With a text message, a phone call or a knock on the door, thousands of Napa County residents have had to briskly leave their homes and seek safe shelter as the latest in a season of California wildfires tears through the wooded Upvalley.
And by Monday morning, the scope of the evacuation forced by the Glass Incident became as visible as the ever-growing queue waiting outside a Napa church to learn where they might spend the night — or the next several nights — while waiting to learn whether their homes would remain safe.
At least 426 people had registered with Napa County seeking a hotel room to shelter during the fires as of Monday afternoon, and county officials expected that number to jump sharply. More than 6,000 people are under mandatory evacuation orders and 5,000 county residents have received evacuation warnings.
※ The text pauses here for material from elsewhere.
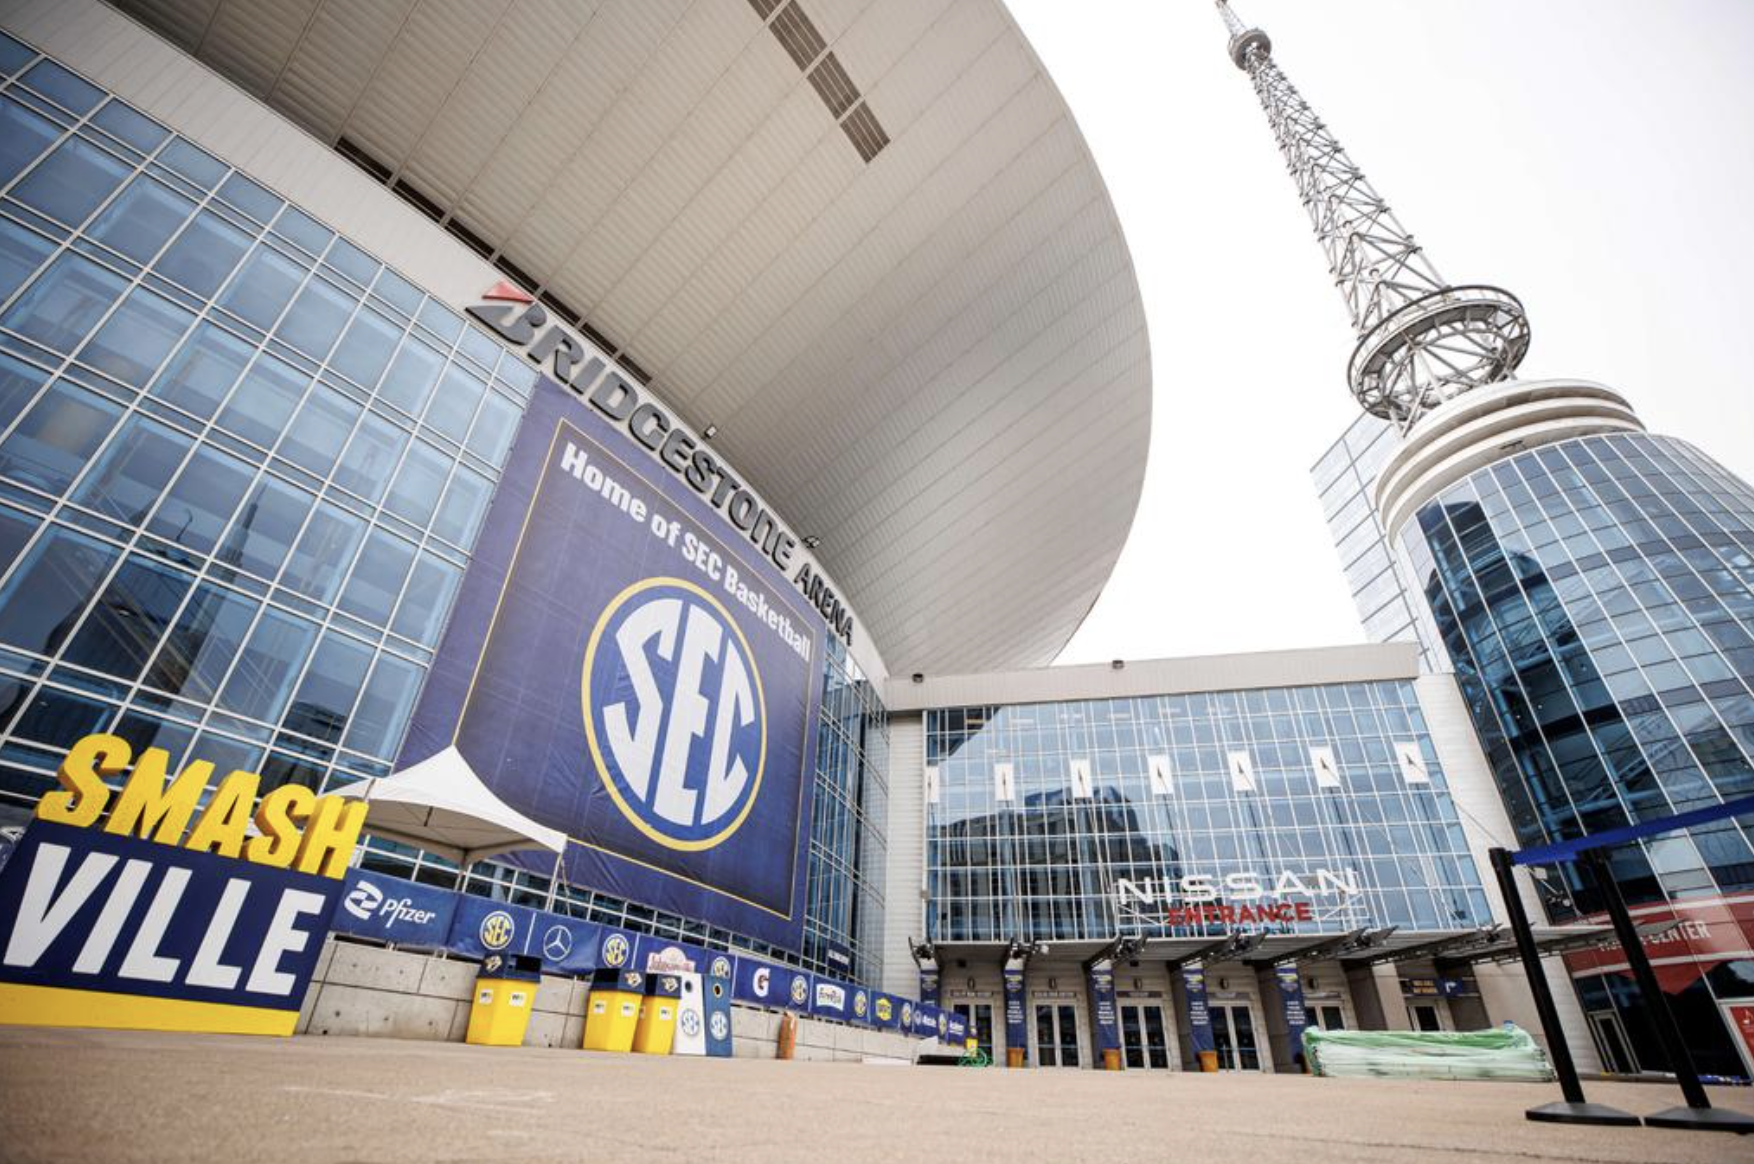 Bridgestone Arena in Nashville, Tennessee, the host site of the 2023 SEC Men's Basketball Tournament.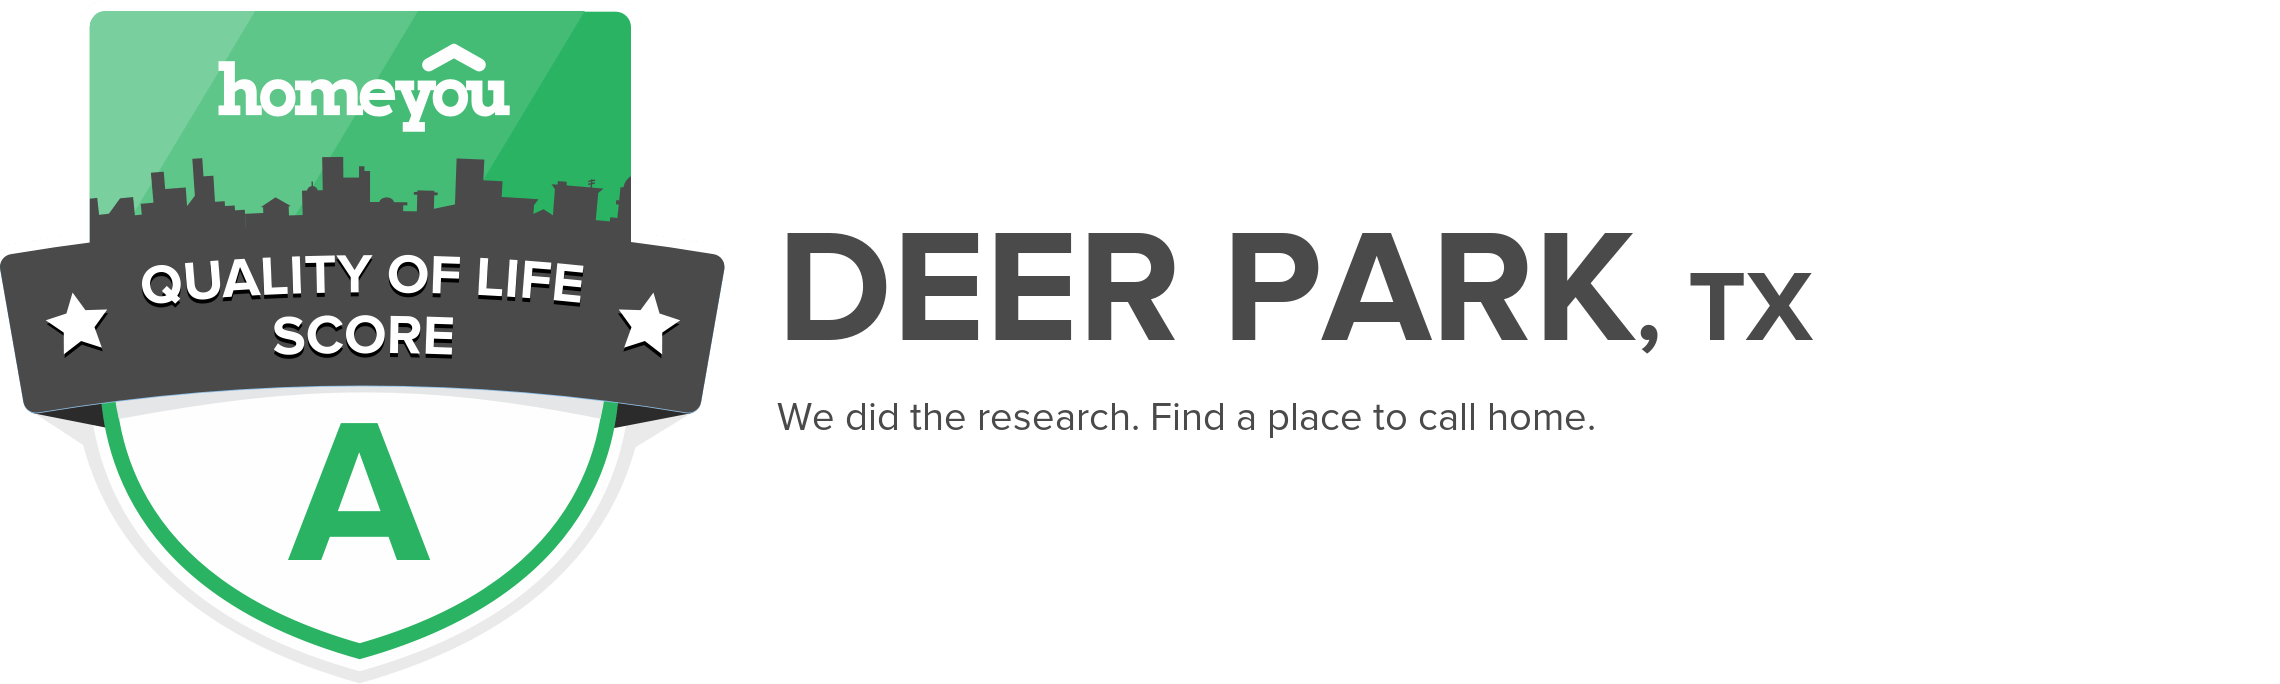 Deer Park, TX

By 11:30 a.m., more than 120 people were lined up outside CrossWalk Community Church, Napa County’s designated check-in center for those seeking temporary shelter in local hotels. As the temperature hurtled toward and eventually past 100 degrees, volunteers set up a chain of small canopies to shade the families, couples, seniors and dogs assembled from the church’s front door to down near a gymnasium at the end of the property.
“Just heard my neighbors moving about, and then a siren, and then a neighbor opened the door and told me we had to leave,” said J’nai Gaither, who evacuated shortly after 5:45 a.m. but reached CrossWalk only after road closures forced a circuitous drive through Healdsburg and Santa Rosa.
“I saw the glow from the balcony, in the hills across the street — it looked like you could reach out and touch the glow. The sky looked like it was awash in orange; it seemed like the only light in the town.”
There was little time for her to pack more than a laptop computer, cellphone, water, a change of clothes and pet food for her dog, one of several on leashes in the line outside the church. “This is my first time evacuating — I wasn’t really thinking, I was freaking out,” she said.
Farther up the queue was Mark Lussier, who had not immediately been ordered by the county to leave his Deer Park home, but quickly did so after a glance out the window at 4 a.m. Sunday.
“I went to close the windows because it was so windy, looked out the window and I saw the plume, red and orange colors, so I decided to pack up and leave,” he said at the CrossWalk church, seeking shelter after paying his own way at a hotel the night before. “Within a half-hour I was out the door — took my wife, our dog, both our cars, medications. I just left the garage light on and a back-door floodlight for the firefighters.”
The only news Lussier had heard from his community since then had been about firefighters’ battle to spare the Adventist St. Helena hospital and other public places — nothing yet about his home’s fate, or what caused the county’s latest conflagration.
“It’s nerve-wracking; it’s scary,” said Lussier, who also left Deer Park in August as the Hennessey Fire eventually spread to nearly a third of Napa County’s land area. “No lightning, no thunder this time — I have no idea how this fire started. These days when I see people throw out cigarette butts in the street I say ‘Oh, come on now.’”
Roland Haylock of Angwin also had left home Sunday morning, taking with him clothing, medication and pet supplies — preparations he already had made a month earlier for the Hennessey Fire.
“It is what it is — I don’t stress those things the way other people do,” Haylock, who works in Pacific Union College’s information technology department, said stoically. “We just deal with it.
The crowd outside the Napa service center had grown sharply over 24 hours, in the wake of new evacuation orders Napa County had issued overnight.
As of Monday afternoon, 6,607 people living in 2,643 homes were under Napa County evacuation orders, according to county spokesperson Janet Upton. Another 5,007 in 2,003 residences were covered by evacuation warnings, which do not require immediate departure but call on residents to be ready to leave on a moment’s notice.
Cal Fire said 8,543 structures were threatened in Napa and Sonoma counties, but no attempt has yet been made to count destroyed structures.
Unlike during past natural disasters, no evacuees are being sheltered on CrossWalk’s premises due to physical distancing requirements during the coronavirus pandemic. However, the Napa center is hosting a variety of assistance efforts, from meals prepared by the Napa Salvation Army to mental health counseling by the county’s Health and Human Services agency.
Napa County also opened a second assistance center in the Yountville Community Center, where seven evacuees had been taken Monday by Vine bus, according to Upton. More people can be steered toward the Yountville center if the wildfire’s spread forces further evacuation orders, she said Monday afternoon.
The Napa resource center is accepting donations for wildfire evacuees only in the form of gift cards, which are being distributed through the center and also can be left in a donation box at the CrossWalk church lobby at 2590 First St., according to executive pastor Dar Valencia.